I am irked by some of her dear old English prejudices, as in the following: “Oh how deeply thankful I am I didn’t go having an aunt with clever ideas about literature and painting. Oh how I dread those cultured gentlewomen, like you get so many of in America. Oh my, they put in so much energy getting cultured it frays their nerves, they’re all profoundly unquiet, and running out after the last opinion.” (p.98) We English middle classes don’t want to be taken as “clever” do we… even if we are? (And even if Stevie Smith accuses the C. of E. of failing to be clever.) And of course it’s those horrid Americans who are the worst culture vultures.

I mustn’t carp too much, though. Because in her verbal ramblings Stevie Smith does sometimes score a bullseye.

As in her evisceration of what was once the standard sort of radio broadcast for children: “You know the stuff they slop out to the sweet little BBC brattery? So wide-eyed and daisy-sweet, and solemn-young and sweet smell of childhood.” (p.180) 

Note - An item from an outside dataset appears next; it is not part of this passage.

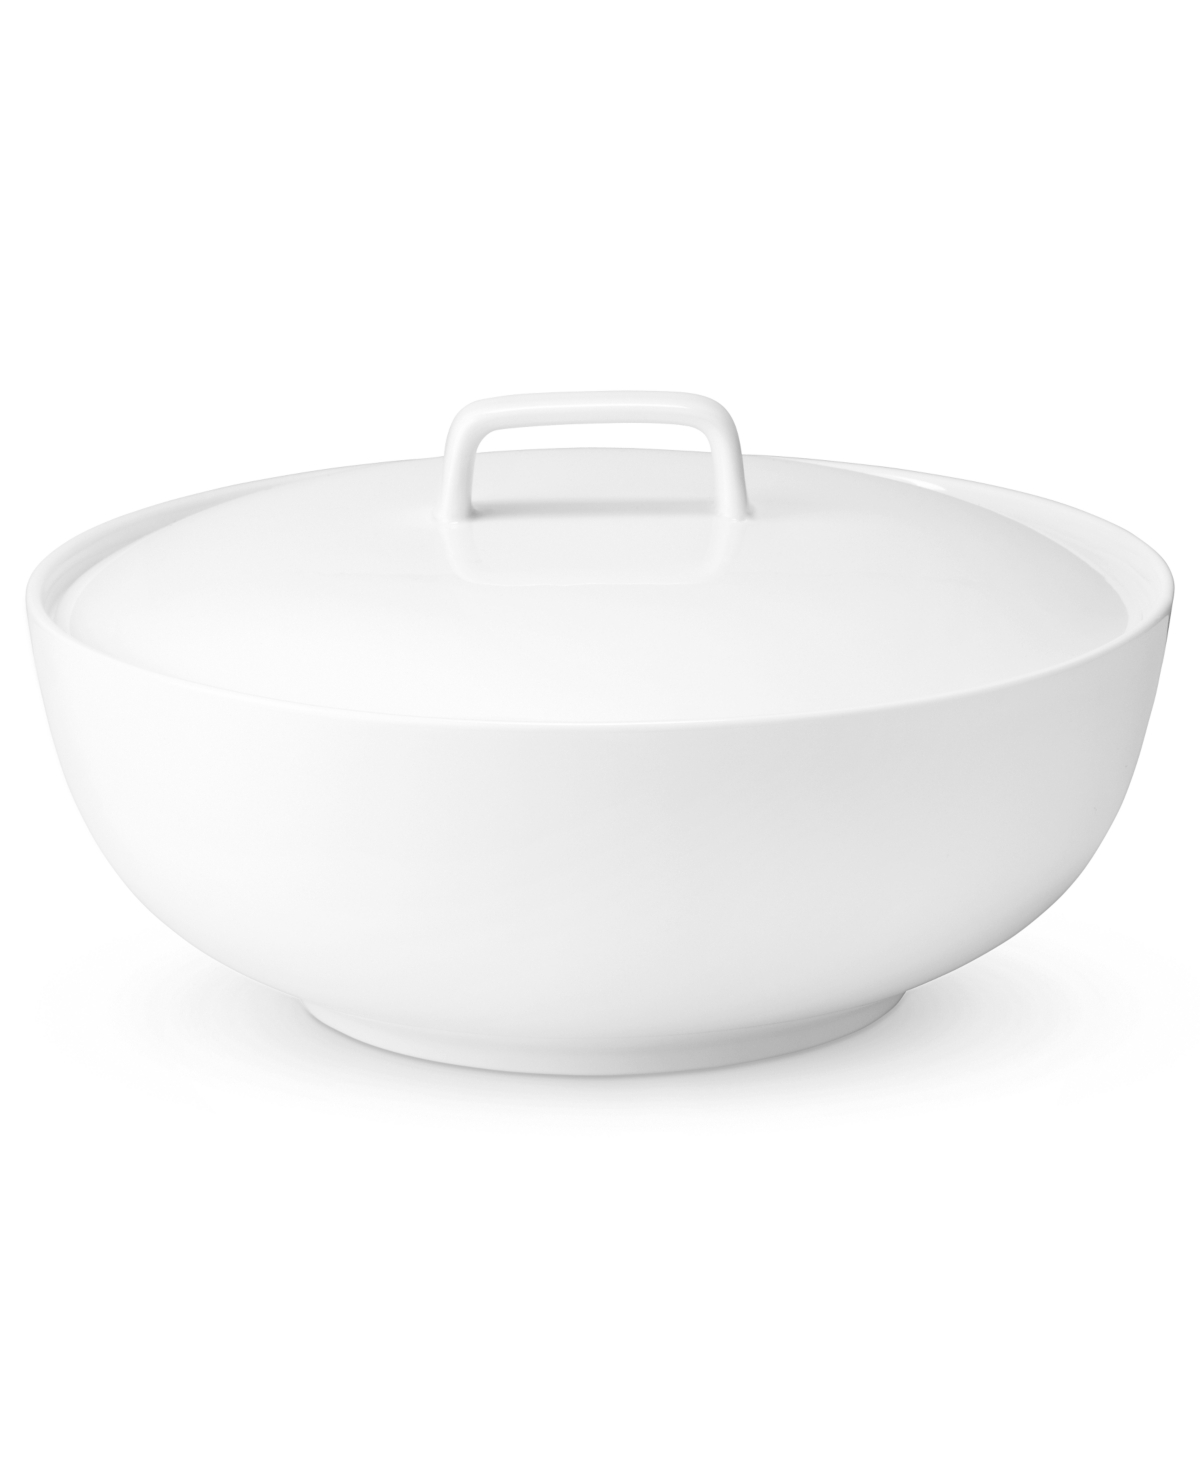 Whiteware Covered Vegetable Bowl 68 oz, Created for Macy's

            And as in her awareness of the misuse of a common word: “When a magazine is a ‘book’, you can reckon that’s the public Lord Victor has in mind. And that’s the public that won’t stand for highbrow nonsense.” (p.56)

            And as in the snobby mentality of some suburbanites: “It is funny that all the time in suburbs people are being ashamed of being in suburbs, and are having to show that they are not like that themselves, not that way at all, you know. And there will be some courteous deprecating laughter.” (p.199)

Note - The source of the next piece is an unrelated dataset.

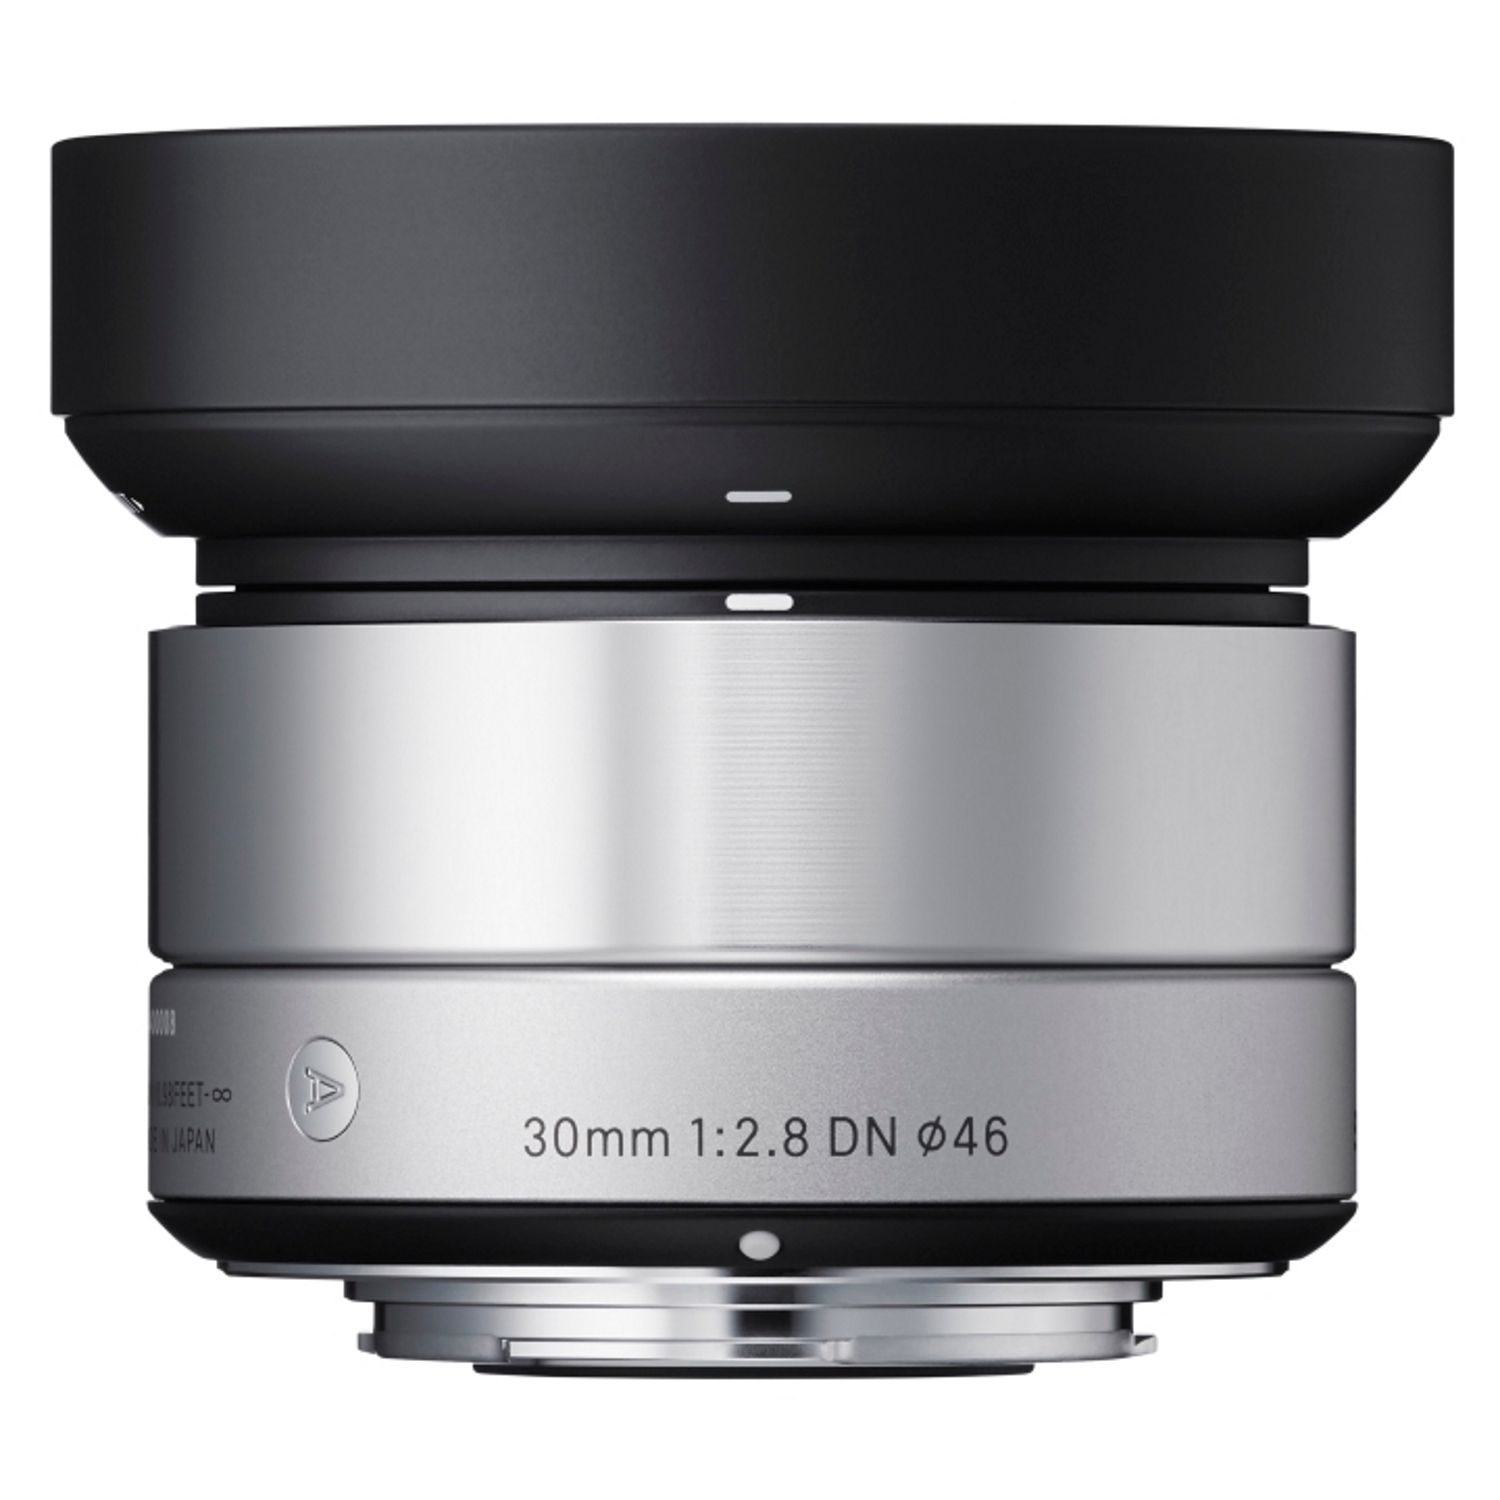 Sigma 30mm f/2.8 DN Silver Art Lens for Micro Four Thirds

So you see, Dear Reader, I have unbent the very bent spoon that is Novel on Yellow Paper, and I have worked it out for you so that you don’t have to Work It Out For Yourself. And really a big part of you must now be saying “Why has he taken up so much space describing a book that sounds both very dated and rather silly?” And I guess a big part of me would agree with you, though at least in small doses I found some of this (ahem) novel to be amusing and it has its insightful bits.

But the twitter and chitter and chatter did get to me in the end, and I think I know why. Stevie Smith unwittingly tells me why. In describing a manipulative woman, she says “And she had a smile that was cunning and deliberate. It came out like it was spontaneous, but somehow you knew it wasn’t so-o-o spontaneous, but cleverly timed.” (p.107) This could be the best verdict on Smith’s own style. Her variety of shooting-in-all-drections, jumbled, I’m-just-writing-things-as-they-come-to-me style is, after all, always a kind of fraud, as, in a way, all so-called stream-of-consciousness writing is. The only genuinely spontaneous writing - writing coming out without forethought - would be the “automatic writing” that table-rappers and spiritualists once practised (and even that was probably a fraud). The writer is always conscious of what she is doing and aware of the effects she is creating. It is artful and cunning faux artlessness, faux naivete, and we are meant to take its evasions and blur-words and non-sequiturs as the delightful warbling of a charming chatterbox.

In the end, this role annoys me as much as the assumed infantilism in some of Smith’s worse poetry. And I wish she had worked more of it out for herself, so that I didn’t have to.